The omnibus bill would pay for dangerous research involving “pathogens of pandemic potential” in any “country of concern.”

The more than 4,000-page omnibus spending bill passed by the Senate on Thursday included a provision that some scientists and lawmakers say would have placed new barriers against dangerous virus research that played a role in the origins of the COVID-19 pandemic. may have eaten.

As part of the $1.7 trillion legislation that would add to the $31 trillion national debt, lawmakers would freeze some National Institutes of Health grants for research experiments involving “pathogens of pandemic potential” conducted in foreign countries of “concern.” paid.

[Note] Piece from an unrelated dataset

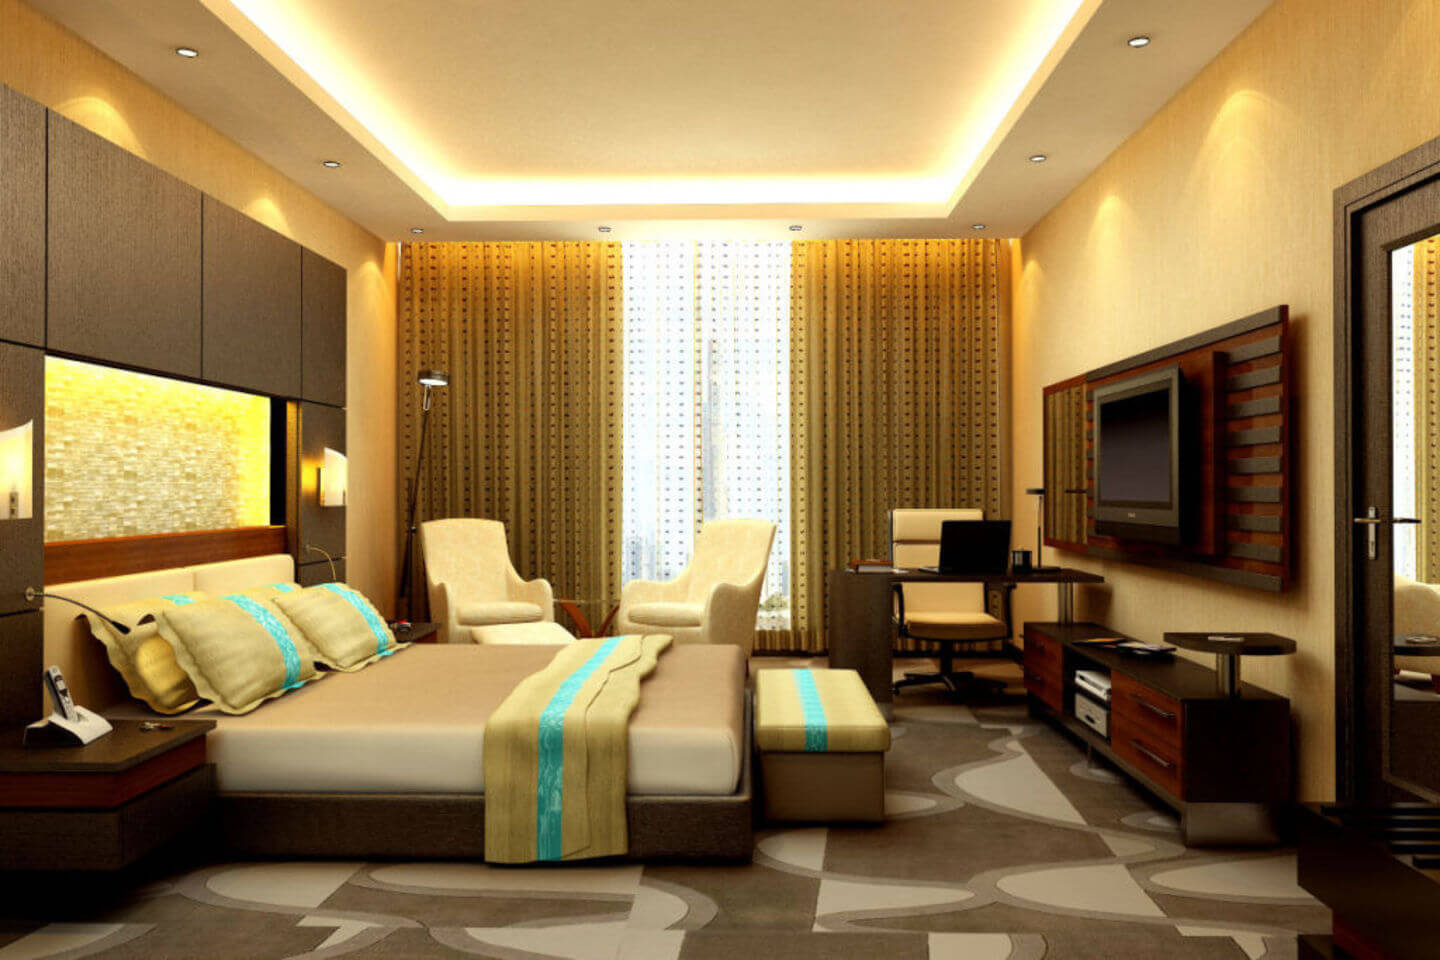 delhi-no1-brand-for-end-to-end-interiors-designs-bathroom-bedroom-living-in-delhi-new-delhi-india

The language comes after several GOP senators called on the Biden administration to halt all federally funded functional research into what they say may be responsible for the SARS-CoV-2 virus that causes COVID-19. added.

“Not later than 60 days after the date of enactment of this Act, the Secretary of Health and Human Services shall not fund research conducted by a foreign entity at a facility located in a country of concern related to pandemic potential or biological pathogens. agents or toxins ,” reads page 3354 of the omnibus bill.


Members of the World Health Organization team tasked with investigating the origins of the coronavirus disease visited the Wuhan Institute of Virology in Wuhan, China.
(REUTERS/Thomas Peter)

Sen. Roger Marshall, R-Kan. One of the Senate Republicans responsible for greater oversight of enhancement research called the measure a good “first step.”

“I’m pleased that these new barriers will help prevent the funding of dangerous research in foreign countries that threatens American taxpayer dollars, this is just the first step, and we need to do more,” Marshall told Fox News.


“We must close policy loopholes by restricting all federal agency funding for hazardous research, including sub-awards, to any country that raises concerns and/or violates the Bioweapons Convention treaty.

“No US tax dollars should fund dangerous research in China. Period,” he said.

U.S. Sen. Roger Marshall, R-Kan., speaks during a news conference at the U.S. Capitol on Aug. 5, 2022, in Washington, DC.

U.S. Sen. Roger Marshall, R-Kan., speaks during a news conference at the U.S. Capitol on Aug. 5, 2022, in Washington, DC.
(Kevin Dietsch/Getty Images)

Gain-of-function research is a controversial area of ​​experimentation that involves engineering viruses and pathogens to be more transmissible or even more lethal to study how diseases develop and develop potential treatments or vaccines.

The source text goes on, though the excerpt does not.